You’re mistaking emotional stance for epistemic method. What you’re calling “optimism” isn’t wishful thinking. It’s a methodologically based refusal to collapse uncertainty into certainty, to keep probability distinct from necessity.

You appear to be projecting again. Your stance is clinging to a hope based on the tiny possibility that humanity will deviate from the trends that have culminated into our current state. That is wishful thinking. Optimism. My assertion is that the trends we've observed will continue: much like the object in motion that stays in motion, our trajectory will remain unchanged unless we apply an opposing force of enough magnitude to turn us around - and so far humanity has not shown any willingness to do so. A minority of us have expressed the desire to do so, but that isn't going to cut it.

You’re substituting anecdote and grievance for argument

Climate data and global political trends are not anecdote. I've only brought anecdote into this conversation a single time, which I prefaced by specifically calling out as anecdote.

Are there counterfactual statements?: What specific intervention would falsify your claim?

No. Humanity as a whole, including its governments, corporations, and individuals would need to unify under the goal of, at the very least, stabilizing our climate. That would give us the time we need fix the other shit like civil liberties. Not only are we not doing that, we are actively accelerating in the opposite direction.

Probability: Are you claiming zero probability or very low probability? Be numeric if you can.

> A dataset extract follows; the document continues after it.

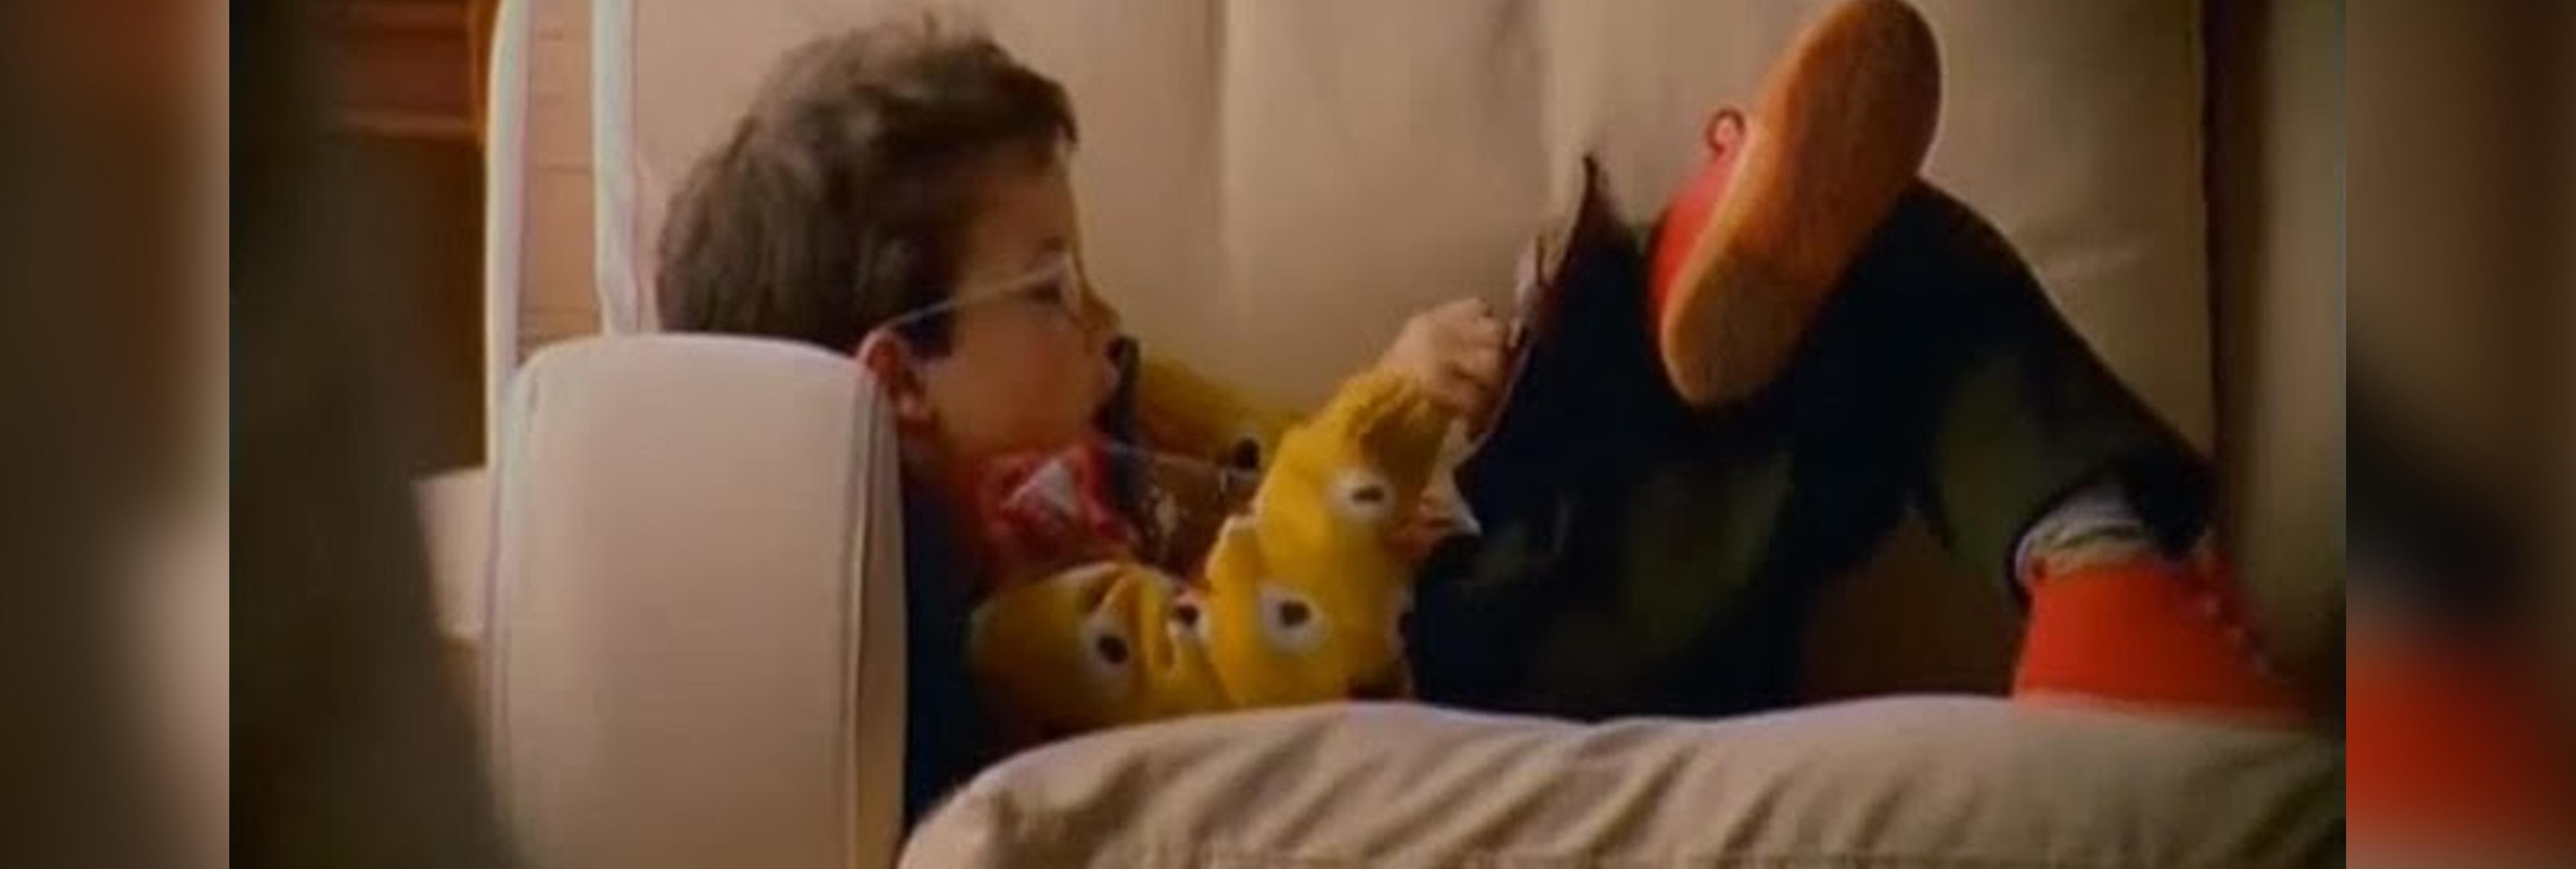 """El niño del """"Hola soy Edu, feliz Navidad"""" recrea el mítico anuncio 20 años después"""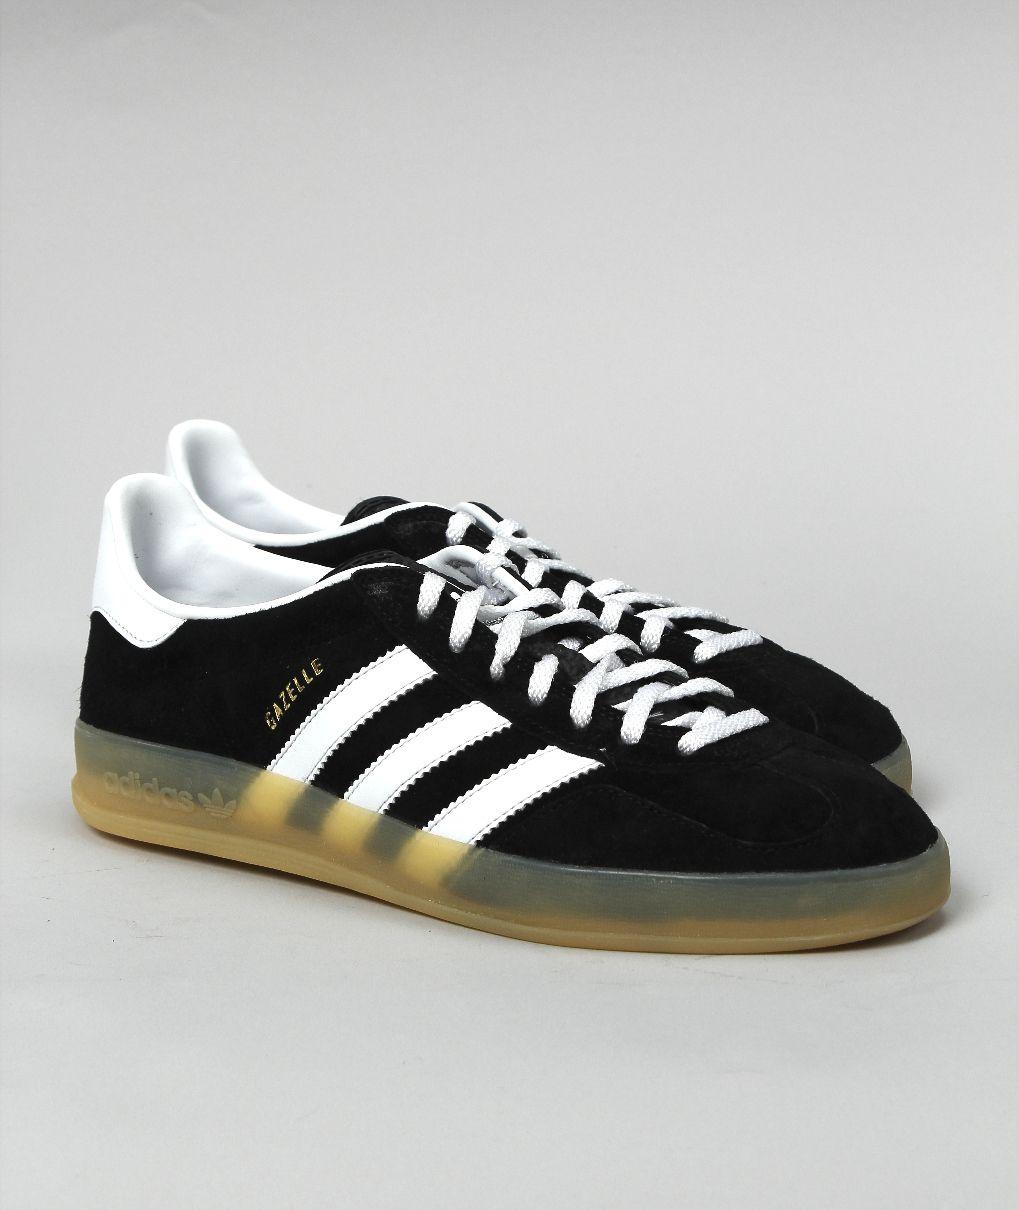 Adidas Gazelle Black Gum Sole | Adidas

Very low. The problem isn't that humanity doesn't have the power to turn this around, the problem is that it's refusing. I can't quantify that any more than I could a type 2 diabetic subsisting on a diet of candy bars and soda: I can scream about how each mouthful is pushing them closer to a death that they're already standing on the edge of; but this just amuses them because they think it makes me a 'triggered lib' or some shit.

Value disclosure: Is this conclusion driven by empirical expectation or by moral preference? Label it and throw it into one of these two bins.

That is a false dichotomy. My conclusion is based on the empirical data of climate and political trends; and the moral preference of not willingly subjecting anyone to that cruelty.